Billot et Pitou prirent place auprès de lui.

— Au collège Louis-le-Grand ! dit Gilbert, et il se jeta dans le fond de la voiture, où il tomba dans une profonde rêverie, que respectèrent Billot et Pitou.

On traversa le Pont-au-Change, on prit la rue de la Cité, la rue Saint-Jacques, et l’on arriva au collège Louis-le-Grand.

Paris était tout frissonnant. La nouvelle était répandue de tous côtés ; les bruits des assassinats de la Grève se mêlaient aux récits glorieux de la prise de la Bastille ; on voyait se refléter sur les visages les diverses impressions que les esprits éprouvaient, éclairs de l’âme qui se trahissaient au dehors.

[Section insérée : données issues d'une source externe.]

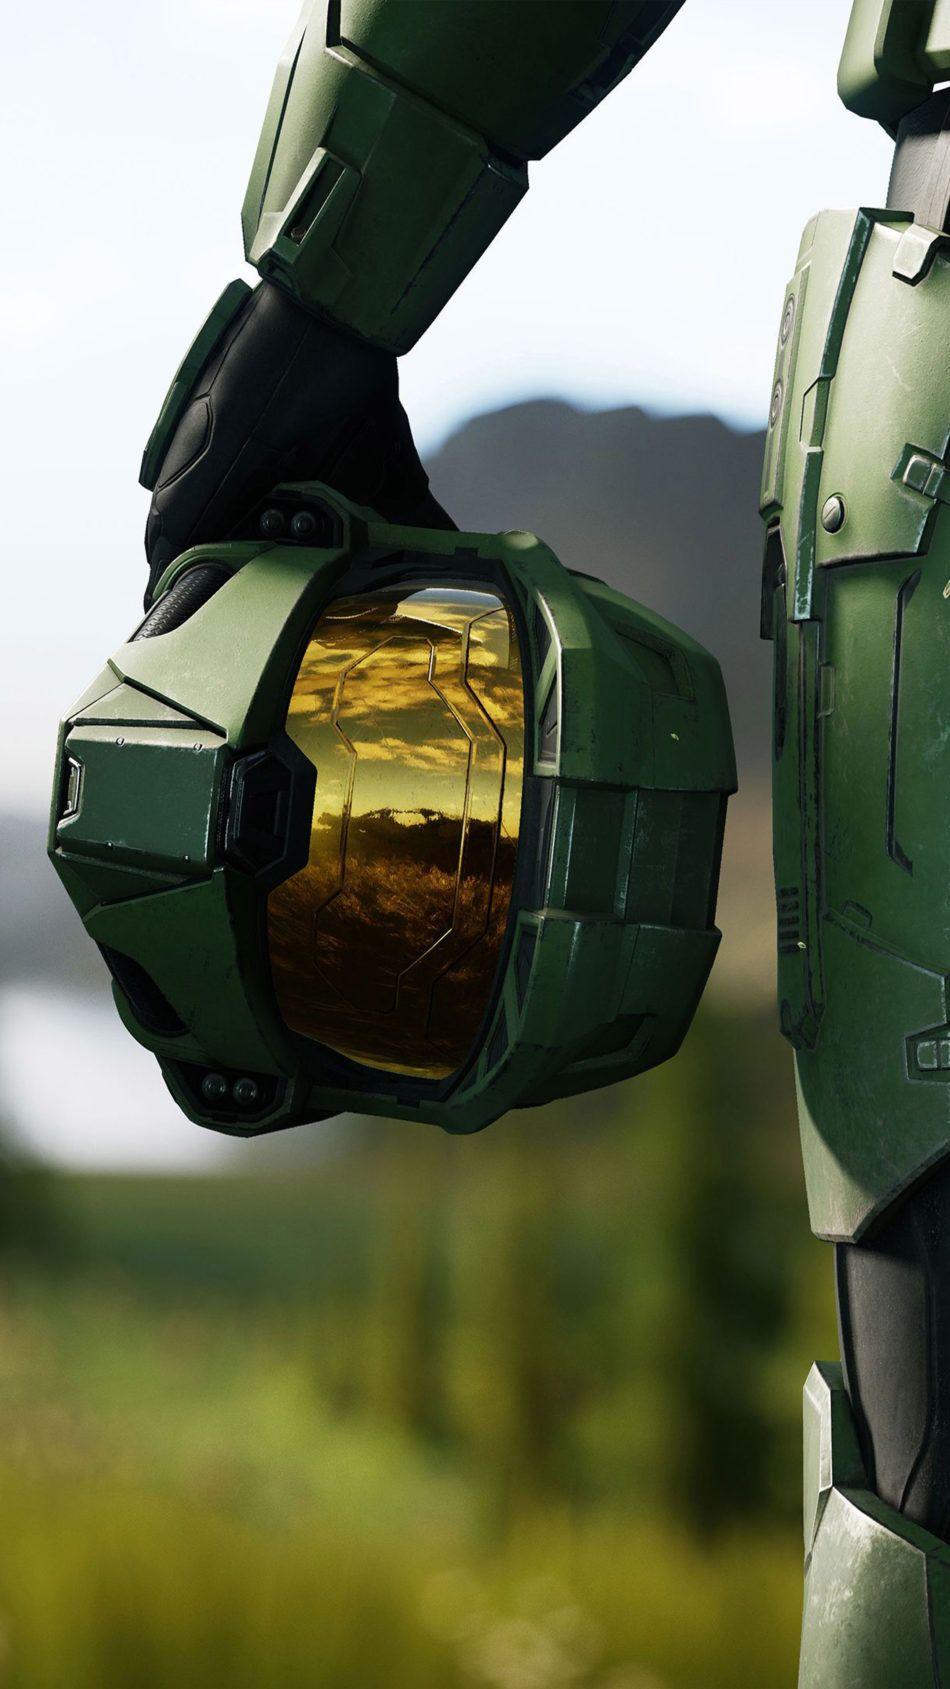 Halo Infinite 2020 Helmet 4k Ultra Hd Mobile Wallpaper Halo Master Chief Halo Armor Halo
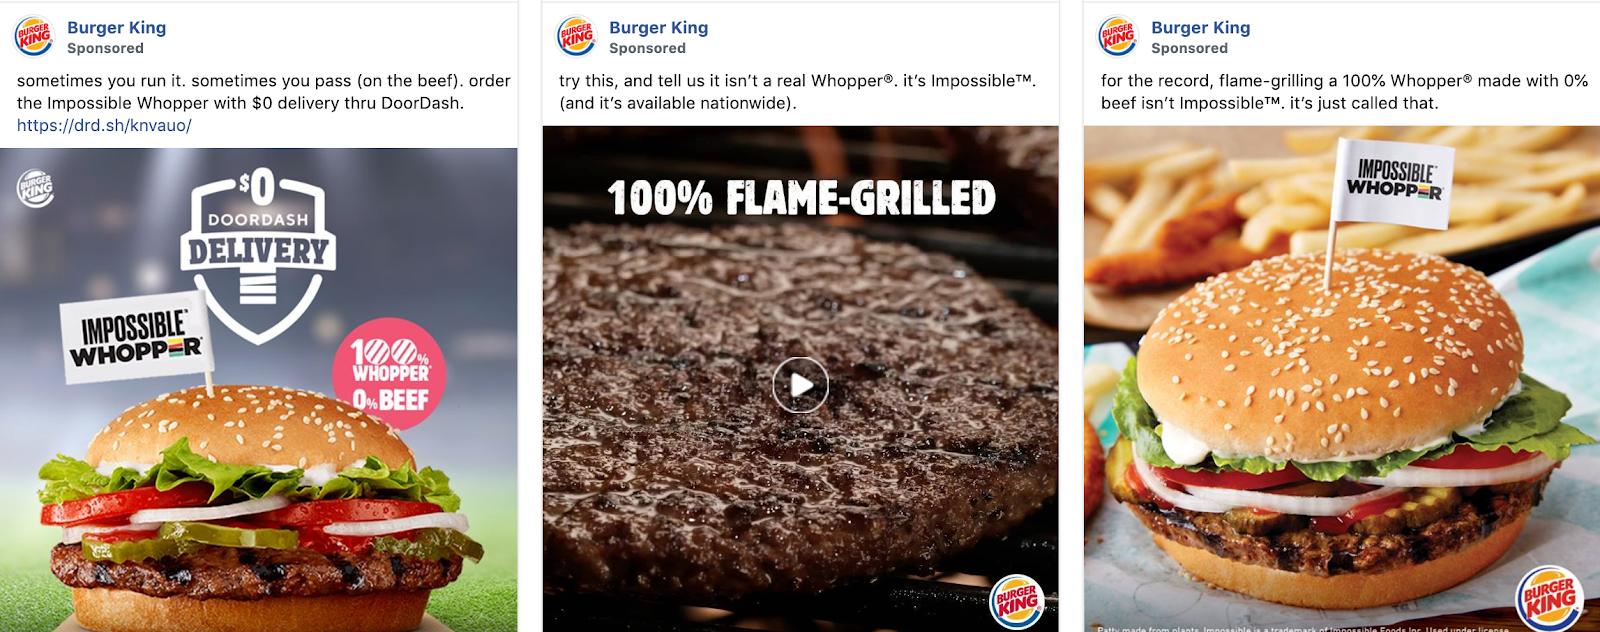 Global Marketing Strategy: Screenshot of Burger King

Gilbert n’avait pas mis la tête à la portière, Gilbert n’avait pas prononcé une parole. Il y a toujours un côté ridicule aux ovations populaires, et Gilbert voyait son triomphe de ce côté-là.

Puis il lui semblait que quelque chose qu’il eût faite pour l’empêcher de couler, quelques gouttes de ce sang répandu rejaillissaient sur lui.

Le docteur descendit à la porte du collège, et fit signe à Billot de le suivre.

Quant à Pitou, il resta discrètement dans le fiacre.

Sébastien était encore à l’infirmerie ; le principal en personne, à l’annonce de l’arrivée du docteur Gilbert, l’introduisit lui-même.

Billot qui, si peu observateur qu’il fût, connaissait le caractère du père et du fils. Billot examina avec attention la scène qui se passait sous ses yeux.

Autant l’enfant s’était montré faible, irritable, nerveux dans le désespoir, autant il se montra calme et réservé dans la joie.

En apercevant son père il pâlit, la parole lui manqua. Un petit frémissement courut sur ses lèvres.

Puis il vint se jeter au cou de Gilbert avec un seul cri de joie qui ressemblait à un cri de douleur, et le tint silencieusement enchaîné dans ses bras.